§ What is expected: Your answer must be an exact copy of the records, with no pictures included.

§ Data excerpts:

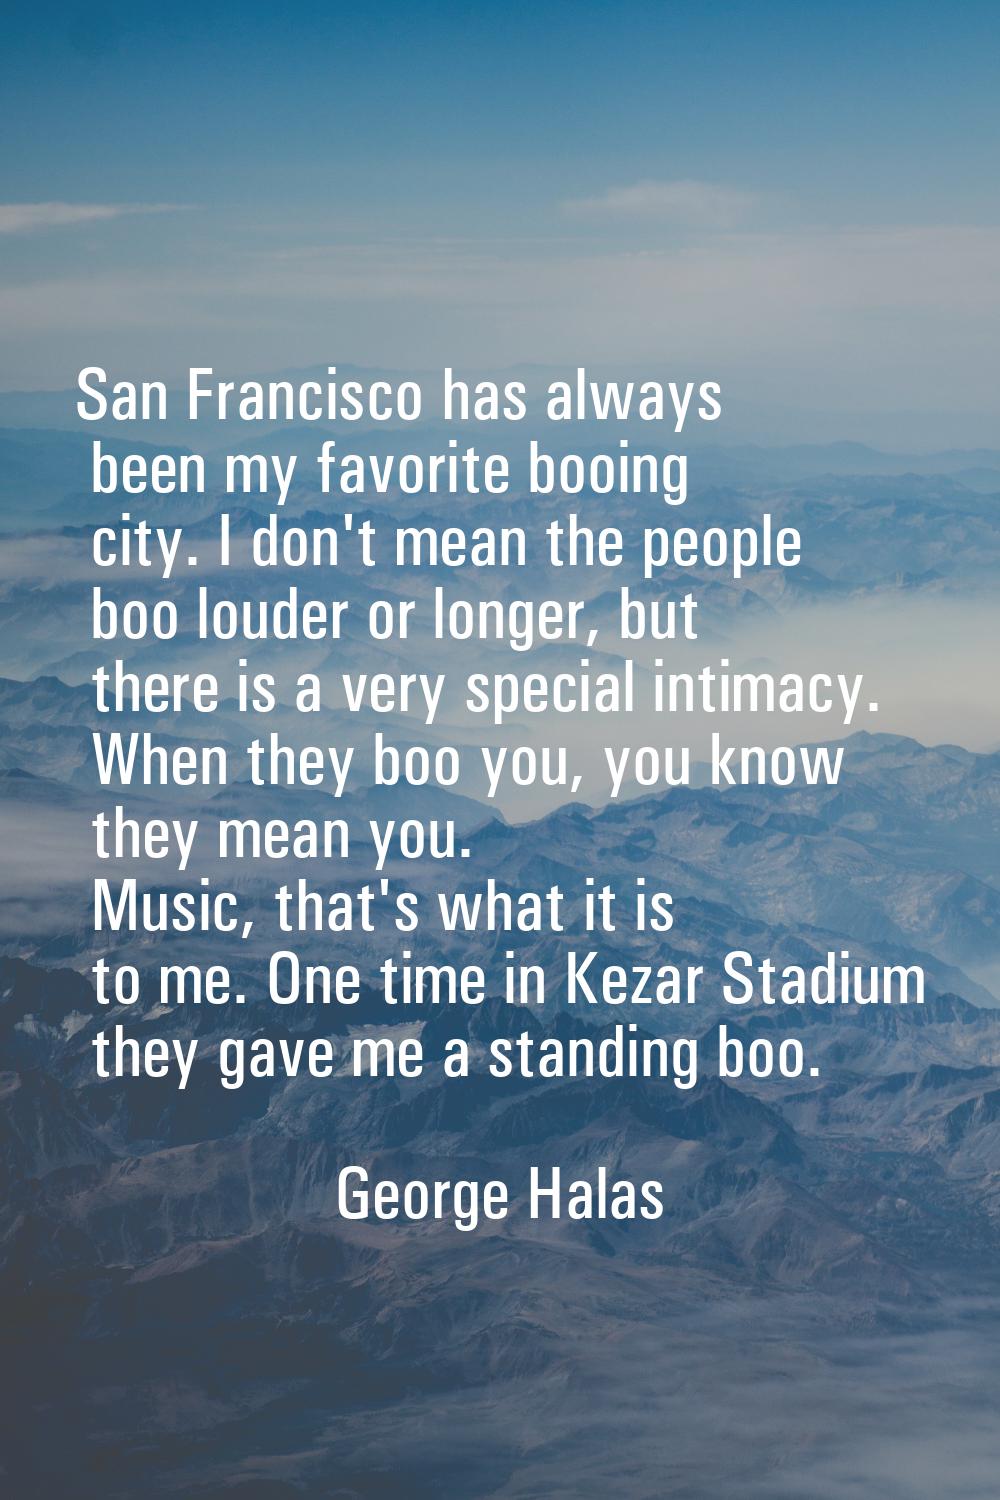 San Francisco has always been my favorite booing city. I don't mean the people boo louder or longer
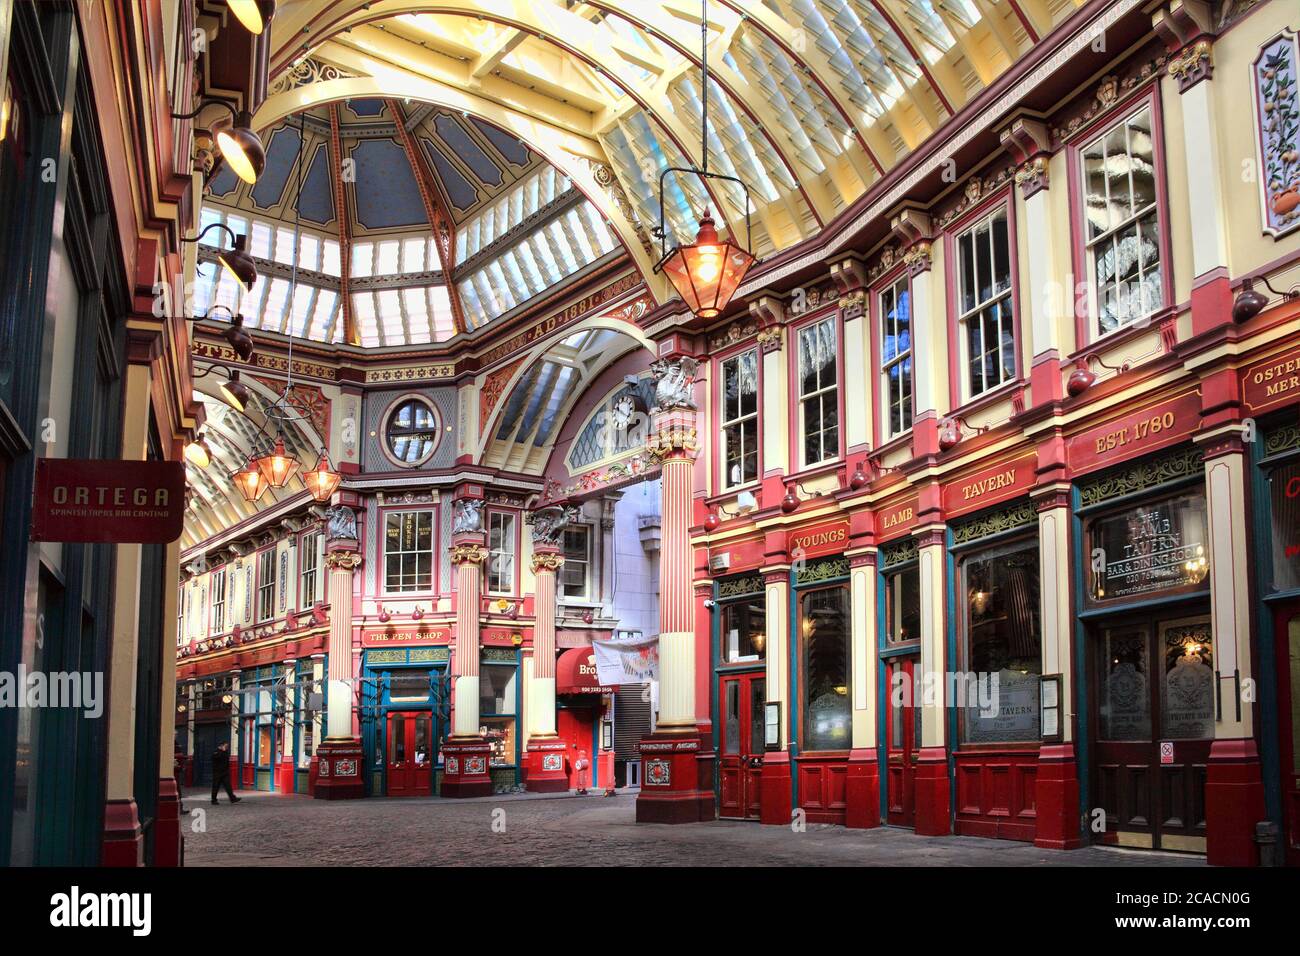 London, UK, March 19, 2011 :  Leadenhall Market in Gracechurch Street which has a covered roof and sells mainly food products is a popular travel dest Stock Photo
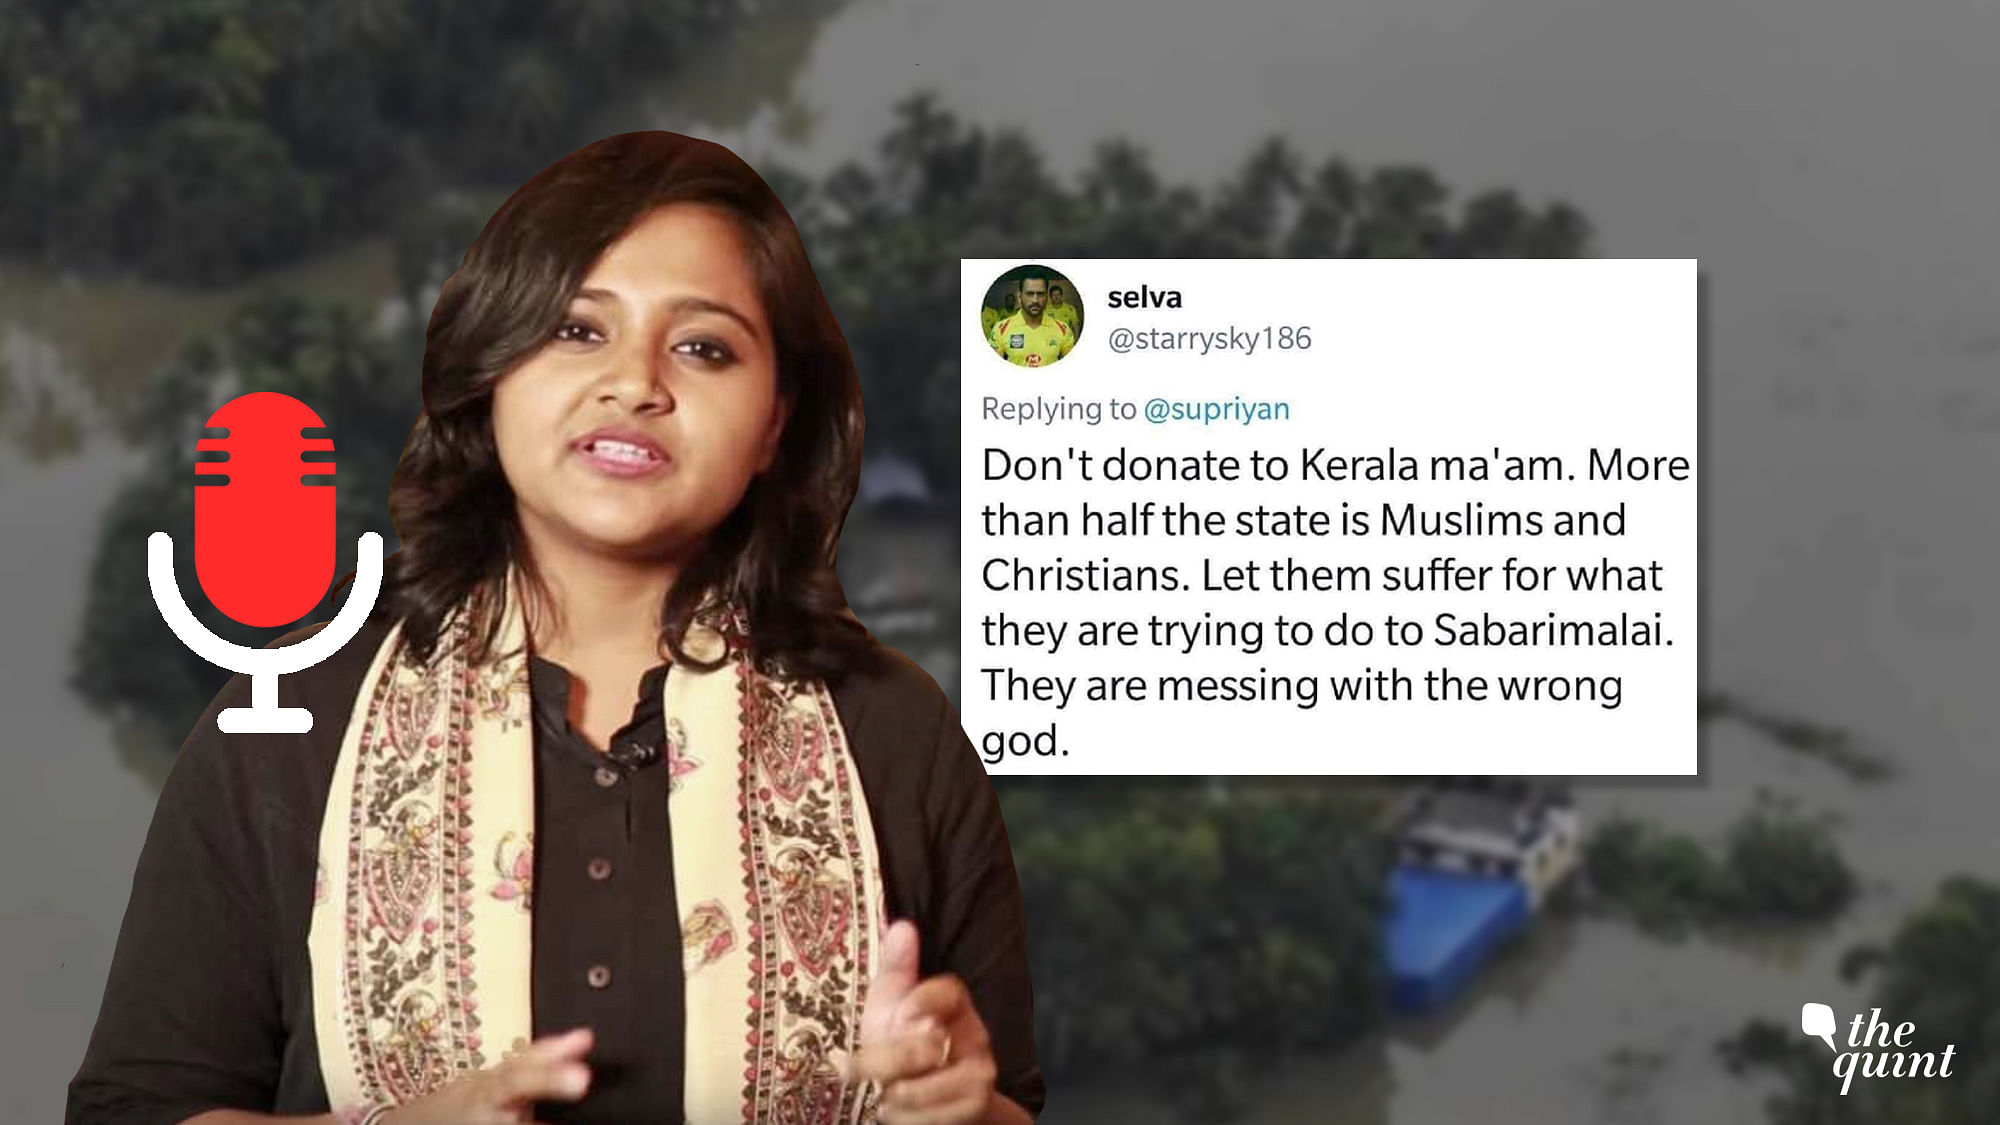 Trolls are blaming women, beef-eaters, Muslims and Christians for Kerala floods. Here is a message for the bigots.
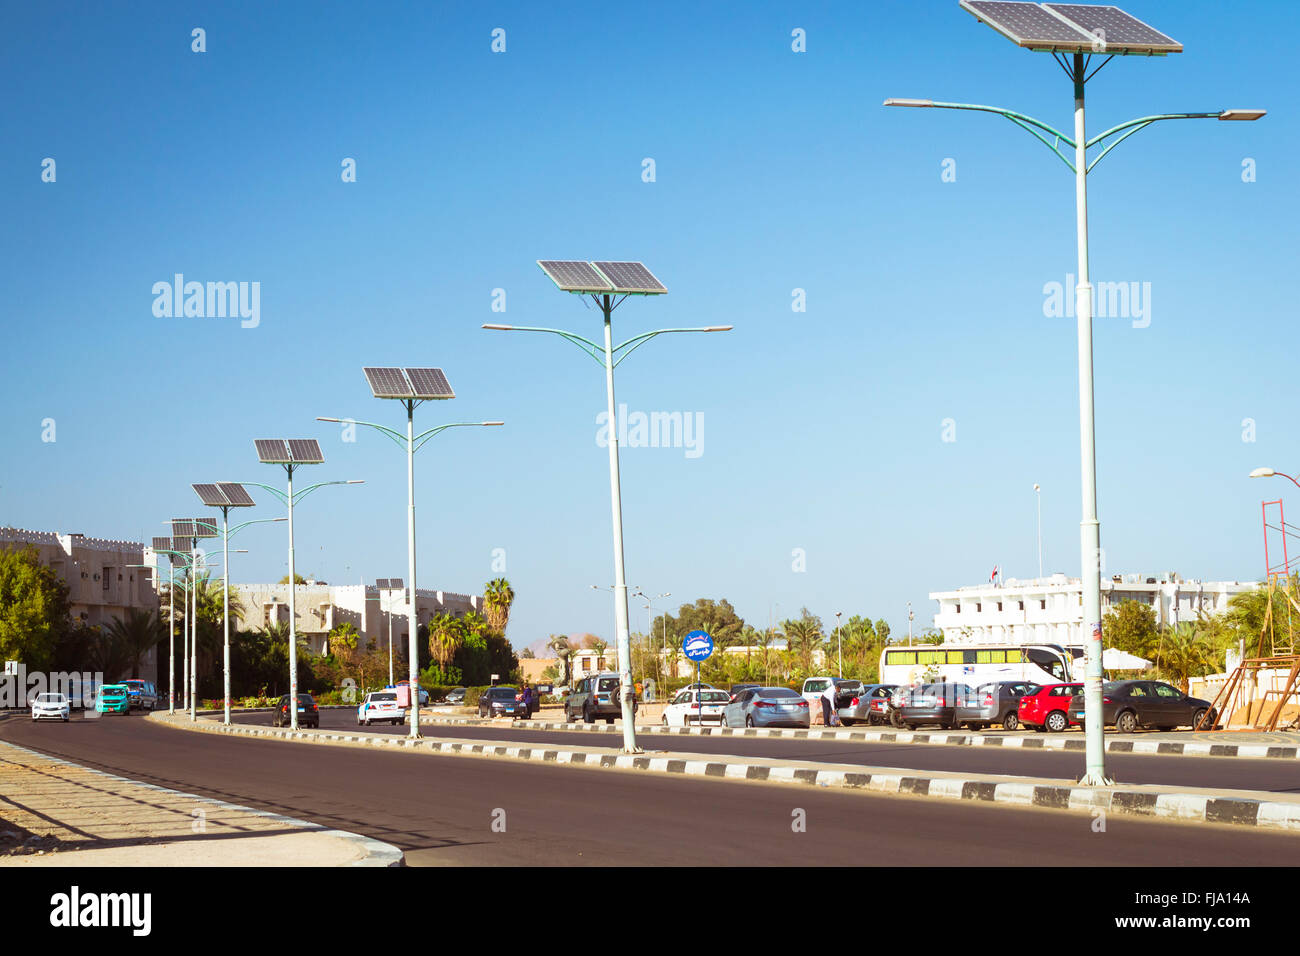 Solar panels on electric pole for lighting on the road in the city, use of solar energy, Sharm El Sheikh, Egypt Stock Photo
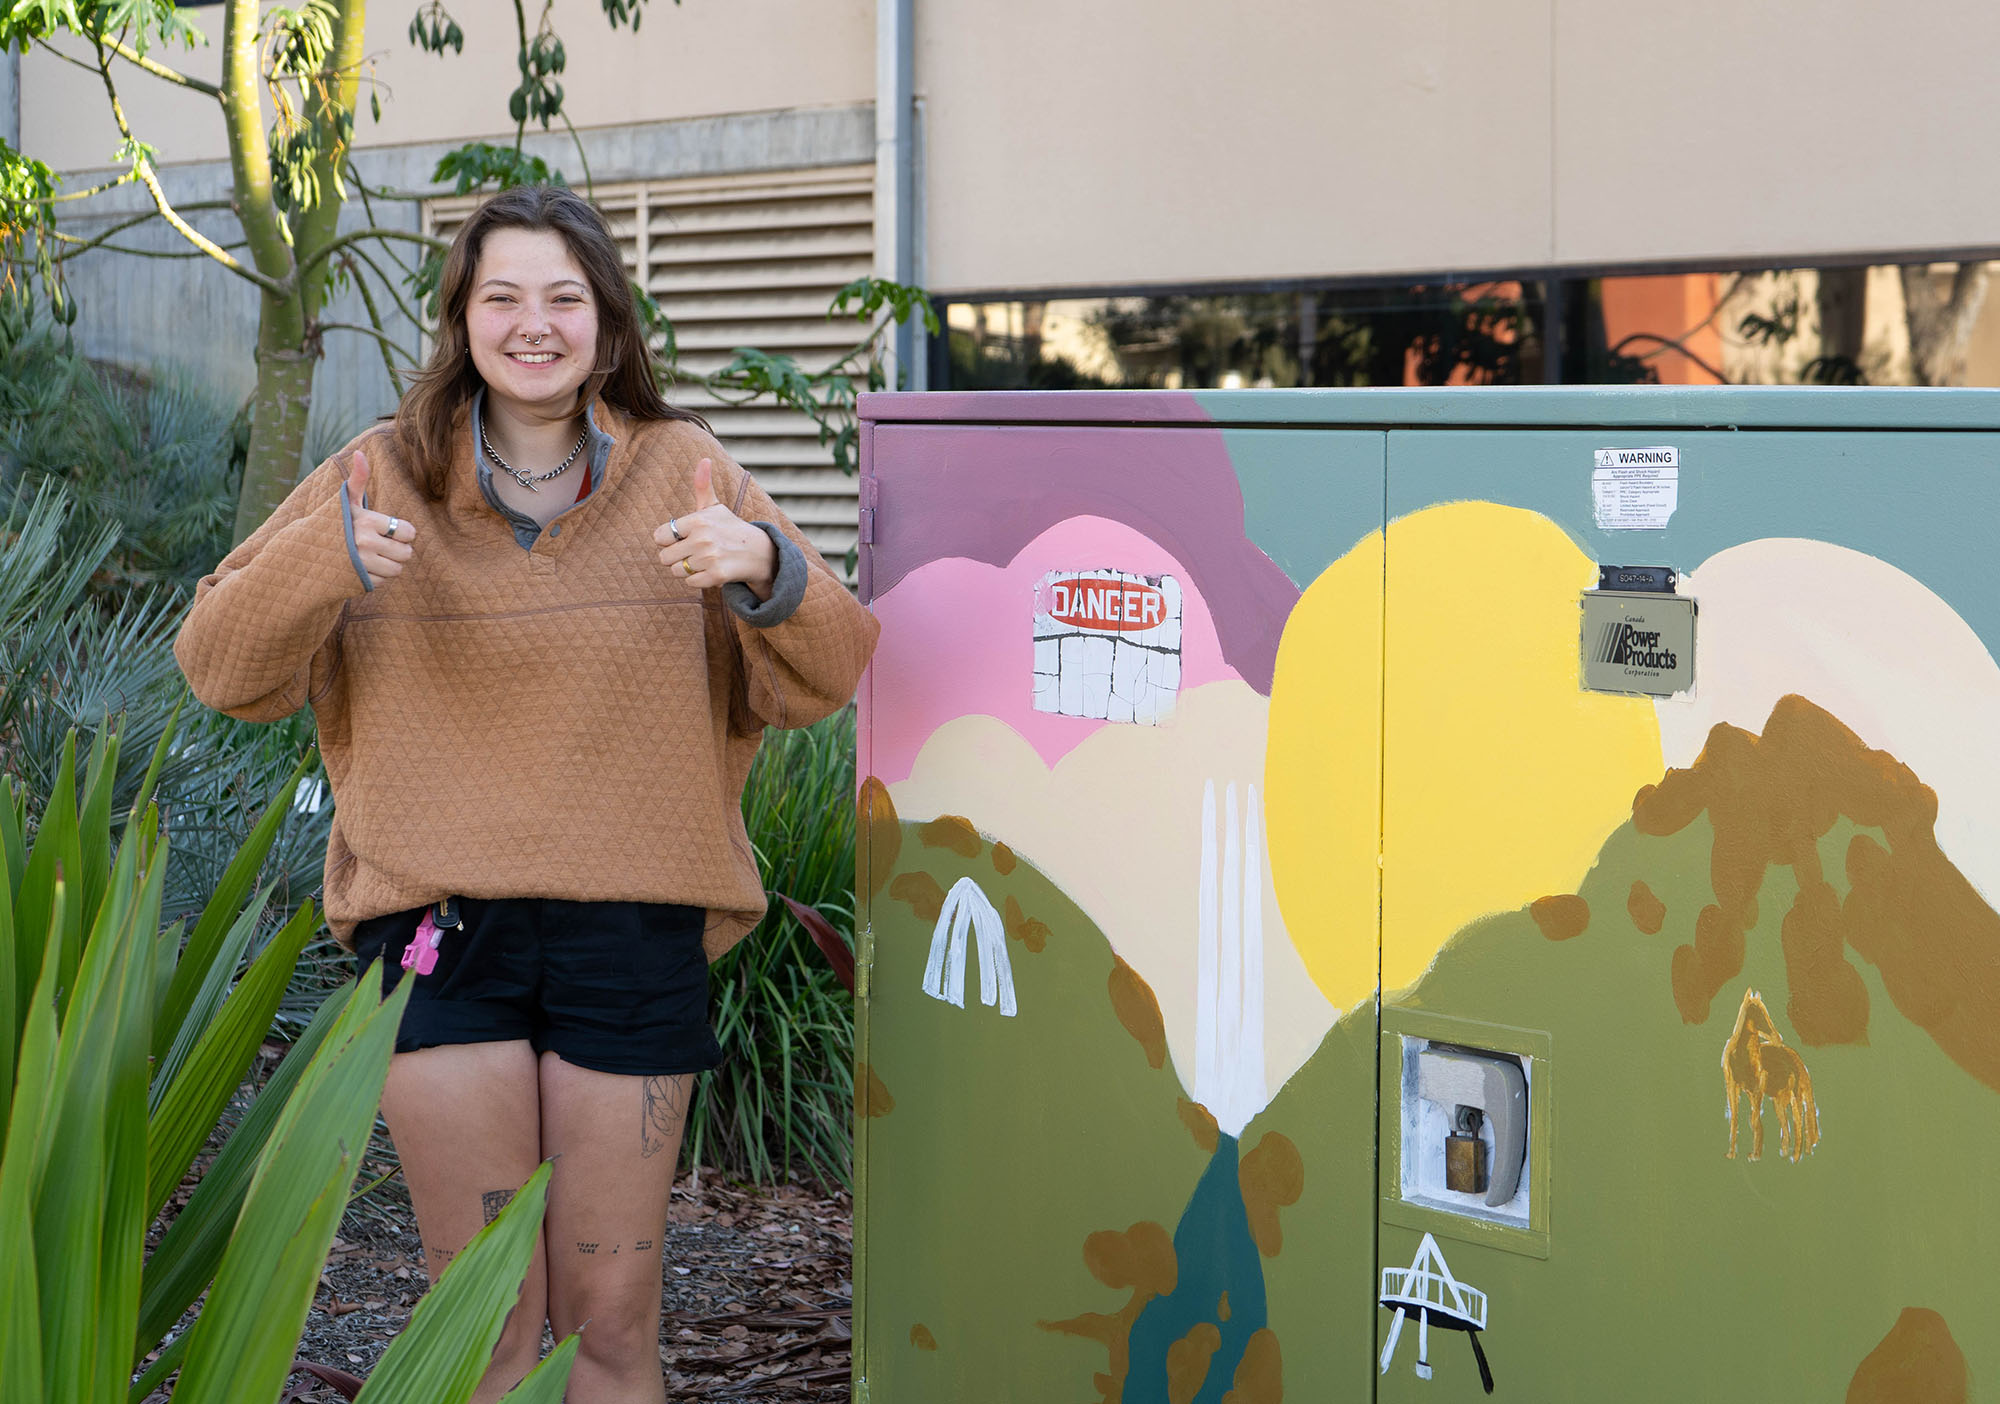 Girl give two thumbs up, standing next to the utility box

§ Solution for this task:
 San Francisco has always been my favorite booing city. I don't mean the people boo louder or longer
 London, UK, March 19, 2011 :  Leadenhall Market in Gracechurch Street which has a covered roof and sells mainly food products is a popular travel dest Stock Photo
 Trolls are blaming women, beef-eaters, Muslims and Christians for Kerala floods. Here is a message for the bigots.
 Solar panels on electric pole for lighting on the road in the city, use of solar energy, Sharm El Sheikh, Egypt Stock Photo
 Girl give two thumbs up, standing next to the utility box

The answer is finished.